Deep learning-based cervical cancer T-staging using MRI: multi-structure segmentation and classification.
Authors
Affiliations (9)
Affiliations (9)
- Department of Digital Medicine, College of Biomedical Engineering and Medical Imaging, Army Medical University, (Third Military Medical University), Chongqing, 400038, China.
- Yu-Yue Pathology Research Center, Jinfeng Laboratory, Chongqing, 401329, China.
- Department of Medical Engineering of Jiangbei Campus, The First Affiliated Hospital of Army Medical University (The 958th hospital of Chinese PLA), Chongqing, 400020, China.
- Department of Radiology, The First People's Hospital of Neijiang, Neijiang, Sichuan Province, 641000, China.
- Department of Oncology, Zigong First People's Hospital, Zigong, Sichuan Province, 643000, China.
- Department of Radiology, First Affiliated Hospital of Army Medical University, Third Military Medical University), Chongqing, 400038, China.
- Department of Obstetrics and Gynecology, Chongqing, 400038, China. [email protected].
- Department of Digital Medicine, College of Biomedical Engineering and Medical Imaging, Army Medical University, (Third Military Medical University), Chongqing, 400038, China. [email protected].
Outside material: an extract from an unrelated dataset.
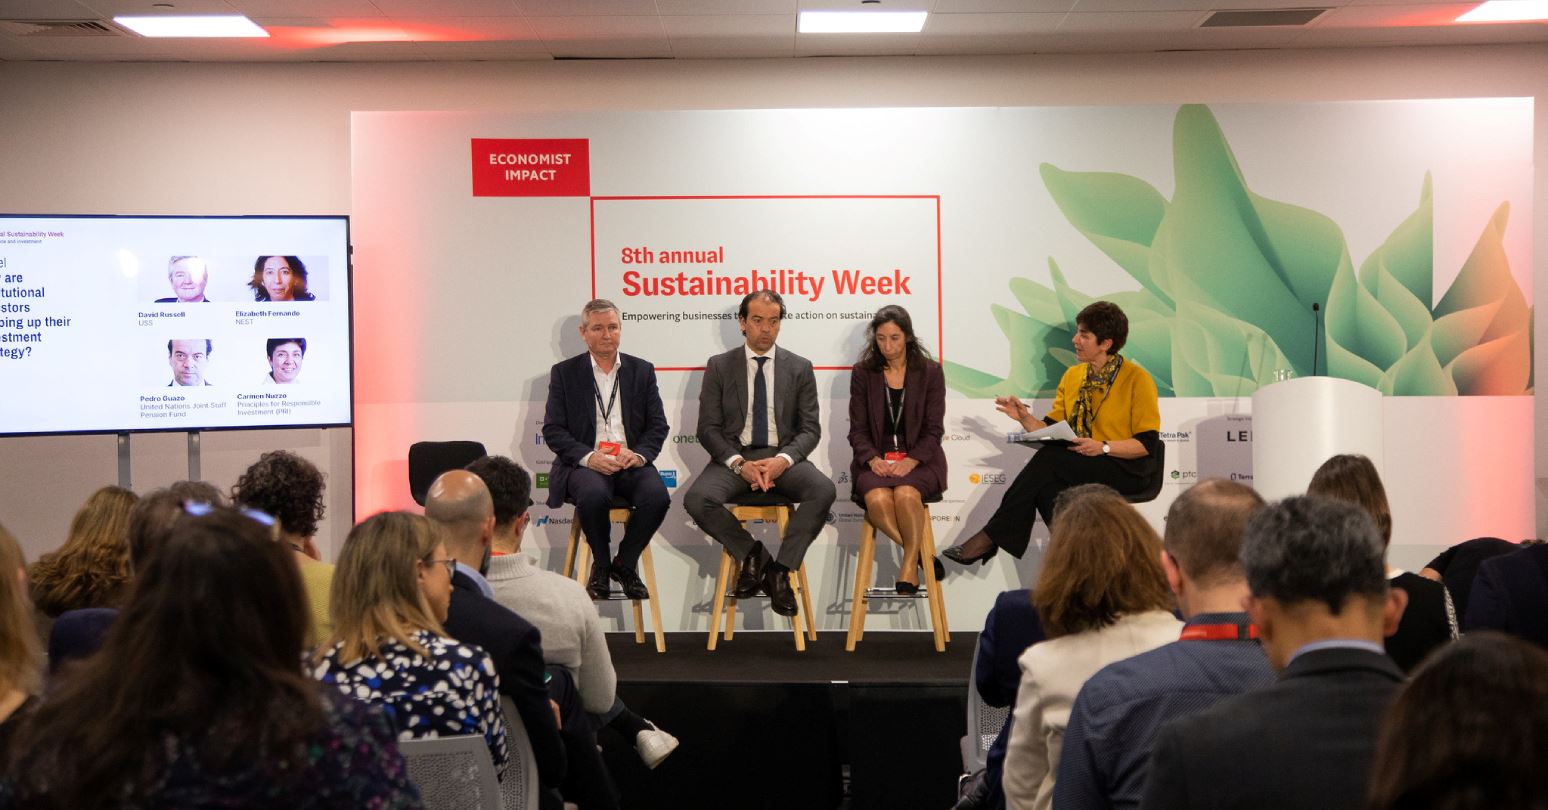 Student Reflections from the Economist's Sustainability Week

- Department of Medical Engineering of Jiangbei Campus, The First Affiliated Hospital of Army Medical University (The 958th hospital of Chinese PLA), Chongqing, 400020, China. [email protected].
Abstract
Cervical cancer has high incidence and mortality, seriously threatening women's survival and quality of life. Radiologists currently rely mainly on subjective clinical experience for cervical cancer T-staging, which easily leads to misdiagnosis. To develop a deep learning-based technique for automatic segmentation and T-staging of cervical cancer to improve clinical diagnostic accuracy and efficiency. A dataset of 17,479 fT1WI MRI scans from 144 patients (T1-T4 stages) was constructed; tumors and adjacent structures were manually outlined with Amira 2019 to generate ground truth (GT). A novel segmentation network (CPANet) was designed by integrating global pyramid guidance (GPG) and atrous spatial pyramid pooling (ASPP) modules into CNN. CPANet's segmentation performance was validated against GT and compared with UNet, UNet++, DeepLabv3+, and UperNet-Swin. Based on CPANet-extracted ROIs, T-staging models were built using ResNet50, DenseNet121, and Swin Transformer (pathological T-staging as GT), and the optimal model was selected. CPANet outperformed other networks, with Dice similarity coefficients (DSCs) of 0.783 (tumor), 0.901 (uterus), 0.909 (bladder), and 0.892 (rectum), and average per-case processing time of 1.60 s. Swin Transformer achieved the best T-staging performance: AUCs of 0.713 (T1), 0.799 (T2), 0.845 (T3-T4) for main stages, and 0.623 (T1b), 0.673 (T2a), 0.897 (T2b) for sub-stages from MRI images. This not only improves diagnostic accuracy and efficiency but also conserves medical resources, thereby facilitating the establishment of intelligent healthcare systems in medically underserved areas. CPANet and Swin Transformer enable accurate automatic segmentation and T-staging of cervical cancer from MRI images, improving diagnostic accuracy and efficiency, saving medical resources, and facilitating intelligent healthcare in underserved areas.